**The data**:
=== Begin Enclosure ===
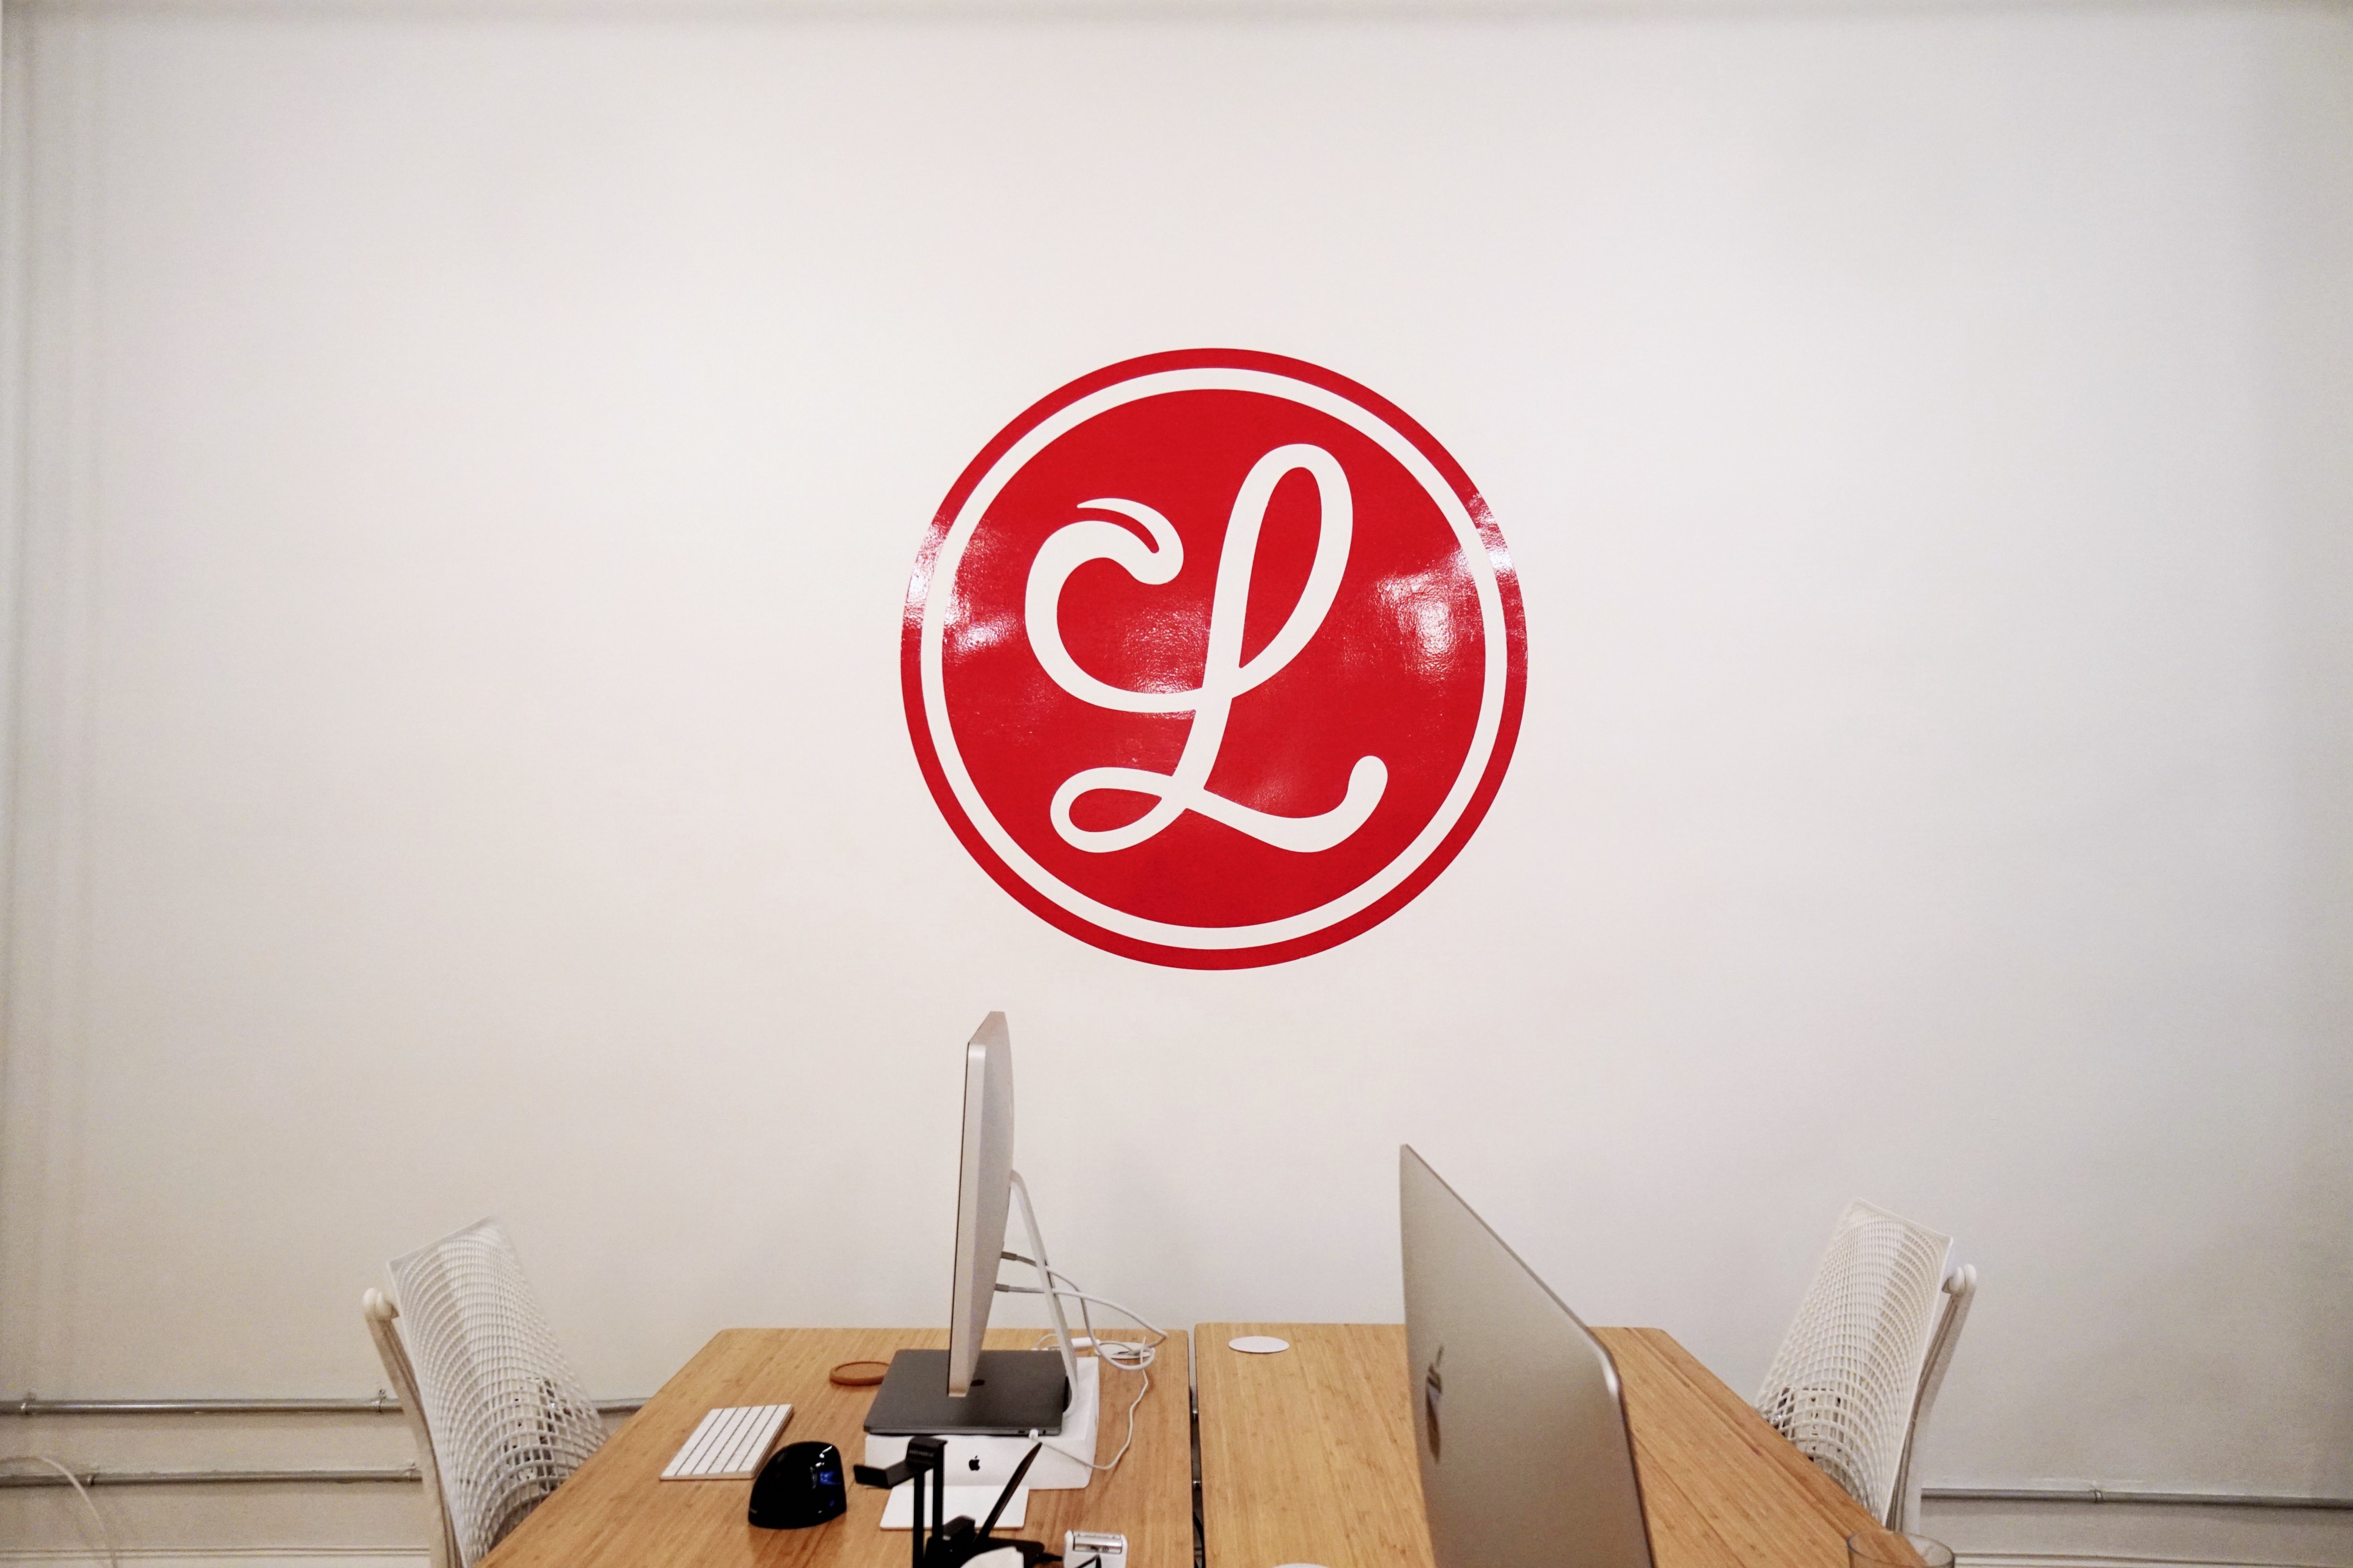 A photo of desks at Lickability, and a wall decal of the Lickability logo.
=== End Enclosure ===
=== Begin Enclosure ===
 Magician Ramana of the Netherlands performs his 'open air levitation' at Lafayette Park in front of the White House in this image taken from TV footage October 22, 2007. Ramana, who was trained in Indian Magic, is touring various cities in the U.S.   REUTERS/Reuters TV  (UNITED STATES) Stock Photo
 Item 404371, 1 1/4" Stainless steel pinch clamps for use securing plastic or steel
=== End Enclosure ===
=== Begin Enclosure ===
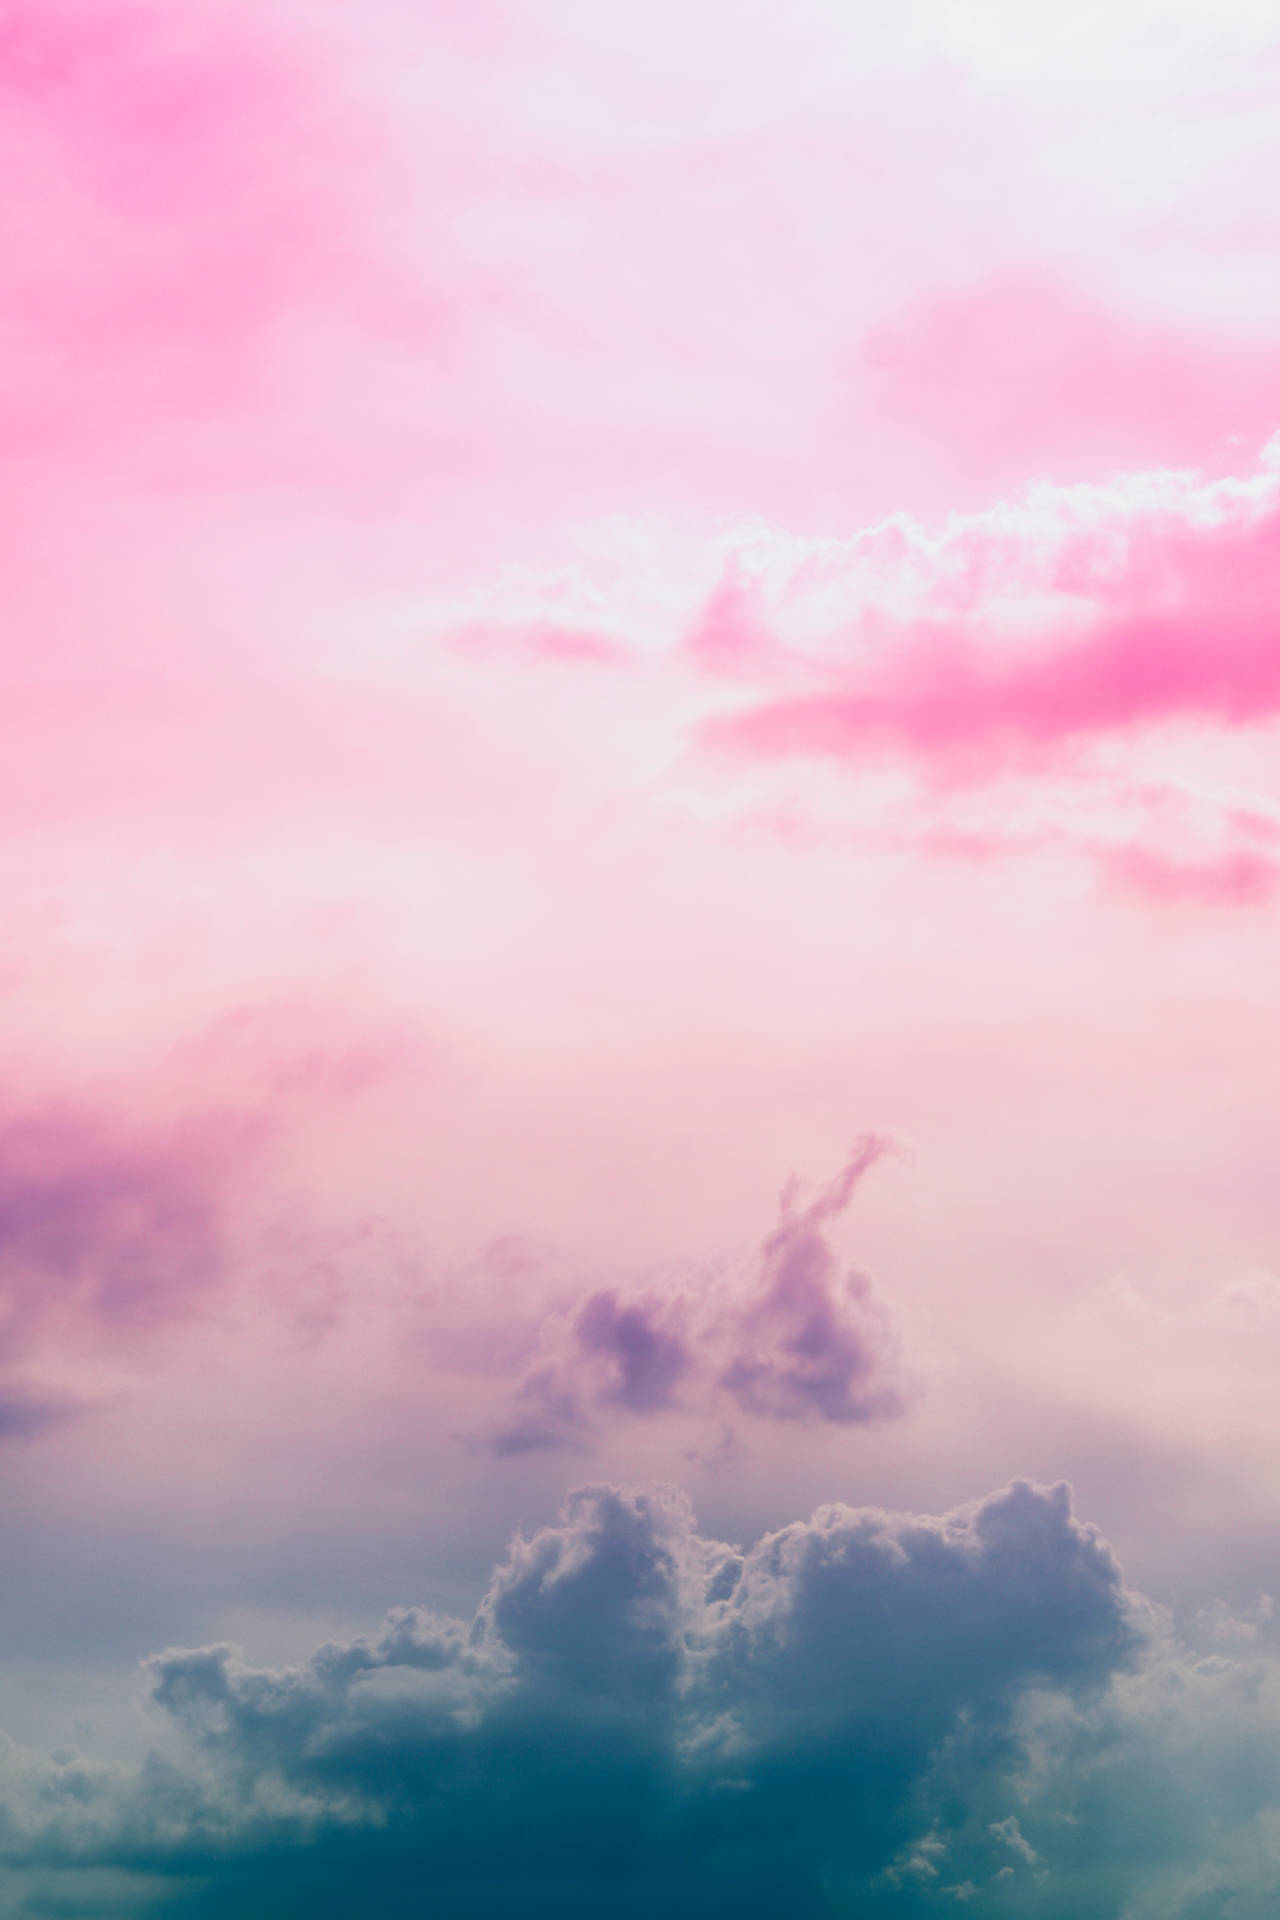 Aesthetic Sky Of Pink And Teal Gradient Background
=== End Enclosure ===
**Problem to solve**: Looking back over the data above, restate word for word the lines that begin at the line with "Magician Ramana of" and end at the line with "Item 404371, 1", inclusive.

**Task output**:
 Magician Ramana of the Netherlands performs his 'open air levitation' at Lafayette Park in front of the White House in this image taken from TV footage October 22, 2007. Ramana, who was trained in Indian Magic, is touring various cities in the U.S.   REUTERS/Reuters TV  (UNITED STATES) Stock Photo
 Item 404371, 1 1/4" Stainless steel pinch clamps for use securing plastic or steel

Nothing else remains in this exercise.